Webb contends that, even if the officers were lawfully present in his apartment for purposes of making the arrests, the warrantless search of the bedroom in which he was arrested, which led to the seizure of the shotgun, was unlawful because it was not incident to his arrest. The factual premise for this argument is that the gun was not observed and seized until the officers re-entered that bedroom after Webb had been arrested and taken from the room. Once he was taken from the bedroom in handcuffs, Webb argues, the bedroom was not “an area within his immediate control,” State v. Harris, 671 P.2d 175, 180 (Utah 1983), that could be re-entered and searched for weapons. The State accepts this factual premise and contends that the shotgun was seized in plain view when the police officers, after arresting Webb pursuant to an arrest warrant, re-entered the bedroom as part of a “protective sweep” to search for other dangerous persons on the premises, see Maryland v. Buie, — U.S.-, 110 S.Ct. 1093, 108 L.Ed.2d 276 (1990), prior to conducting their intensive search of the apartment pursuant to Gregersen’s consent.

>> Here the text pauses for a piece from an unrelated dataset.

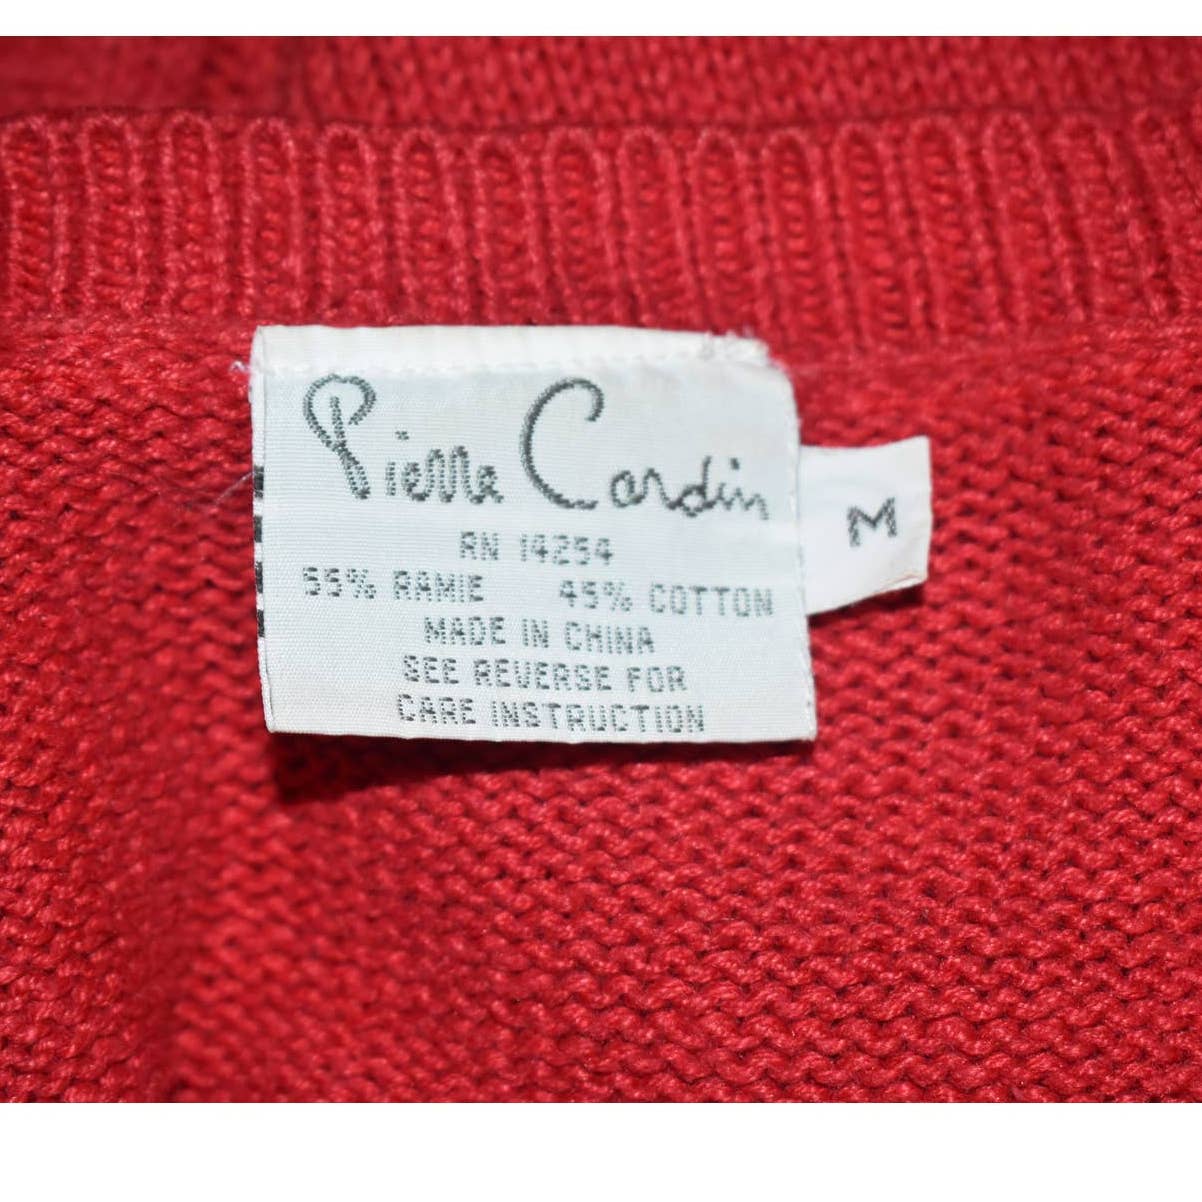 Vintage Pierre Cardin Red Knit Cardigan Sweater - M

We, however, have carefully reviewed the record of the suppression hearings and find insufficient support in the evidence for Webb’s version of the events leading to the seizure of the shotgun. Detective Dalling, who was one of the officers who arrested Webb and then was involved in securing the written consent from Gregersen, made clear that the shotgun had already been located prior to her consent to search the entire premises, although he was not the officer who located the shotgun. In response to questioning from attorney Stod-dard — who appeared confused about whether Webb and Humphrey had been found in the same bedroom, but in a different bedroom from the one in which the shotgun was found — Detective Dalling also indicated that he had located Webb prior to the shotgun being found. Counsel asked no further questions on this point to clarify which of several officers present in Webb’s bedroom to arrest him had located the shotgun and whether it had been located during the time the officers were lawfully present to effectuate the arrest, even if it was not physically seized until Webb was secured and removed to another room. There is simply no evidence that, with Webb in handcuffs, all the arresting officers left the room totally unaware of the shotgun and then returned to that room later and discovered the shotgun in plain view for the first time. From the testimony presented, it appears that the shotgun was located while the officers were lawfully present in the room to arrest Webb. We therefore reject W.ebb’s contentions and conclude that, on the evidence before it, the trial court did not err in admitting the shotgun into evidence.

C. Jewelry

Webb next challenges the admission into evidence of the diamond watch and the ring. He disputes the legality of the war-rantless search of Gregersen’s purse, which ultimately resulted in the seizure of the diamond watch, by asserting that it was not incident to her lawful arrest since •she was already handcuffed when the purse was searched. He also contends that the subsequent warrantless search of the apartment, during which the ring was found in a jewelry box on the dresser in the master bedroom, was illegal because Gre-gersen did not voluntarily consent to it.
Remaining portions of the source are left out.